To train the model, users can run the training notebook locally or remotely via a cloud service like Google Colab Pro. The training process requires a GPU and takes approximately 24 hours on a paid instance of Google Colab. For usage, the model can be downloaded onto an iOS or Android device and used for local chatting without an internet connection. The developers also plan to deploy the model as a Flask API with a React front-end for web usage, with the aim of using human feedback to further improve the model's performance through reinforcement learning.
Key takeaways:
- DoctorGPT is a Large Language Model that can pass the US Medical Licensing Exam and is designed to provide everyone their own private doctor. It's free, made for offline usage which preserves patient confidentiality, and it's available on iOS, Android, and Web.
- The model was fine-tuned on a Medical Dialogue Dataset, then further improved using Reinforcement Learning & Constitutional AI. It is only 3 Gigabytes in size, fitting on any local device, eliminating the need to pay an API to use it.

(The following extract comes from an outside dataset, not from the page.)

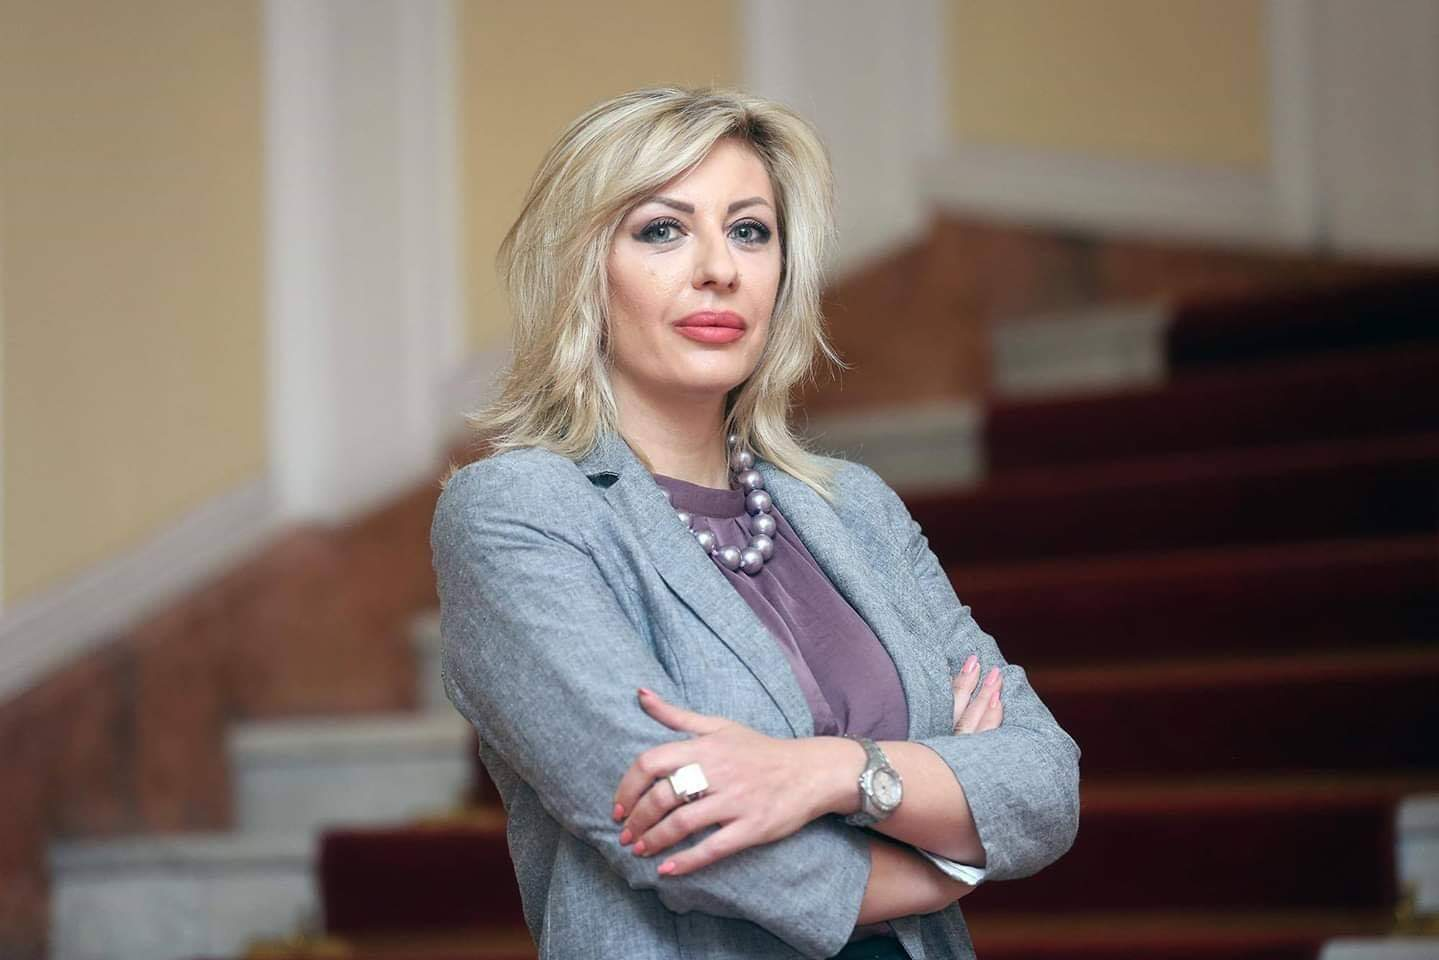 Ј. Јоксимовић: Важни разговори и поруке у правом тренутку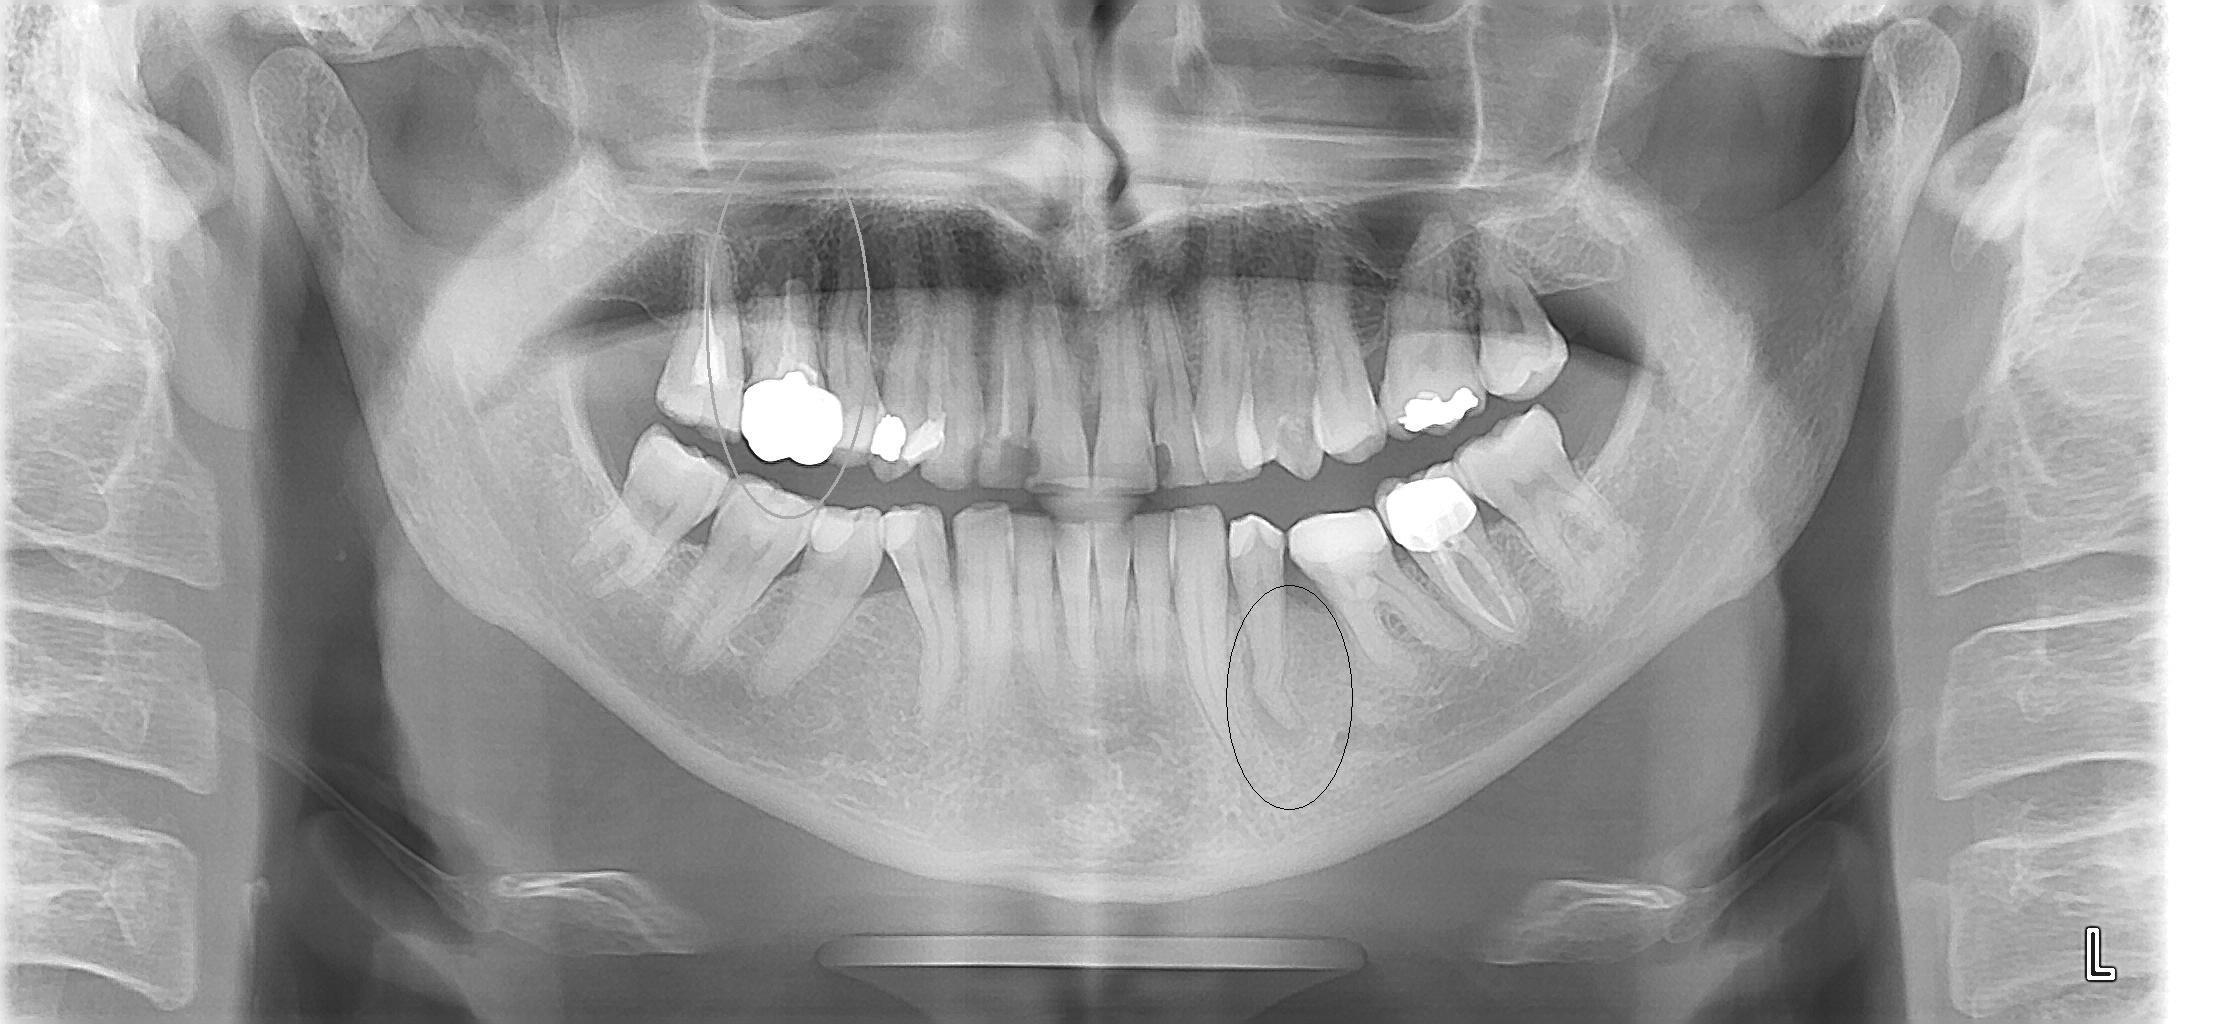 Mi hanno cosigliato la devitalizzazione con apicectomia del dente per un granuloma.

- Training the model requires a GPU and can be done locally or remotely via a cloud service like Google Colab Pro. The total training time for DoctorGPT took 24 hours on a paid instance of Google Colab.
- The model can be used on iOS and Android devices by downloading the respective Machine Learning Compilation Chat Repository, following the installation steps, and adding the latest DoctorGPT model. For web usage, the model can be deployed as a Flask API with a React front-end.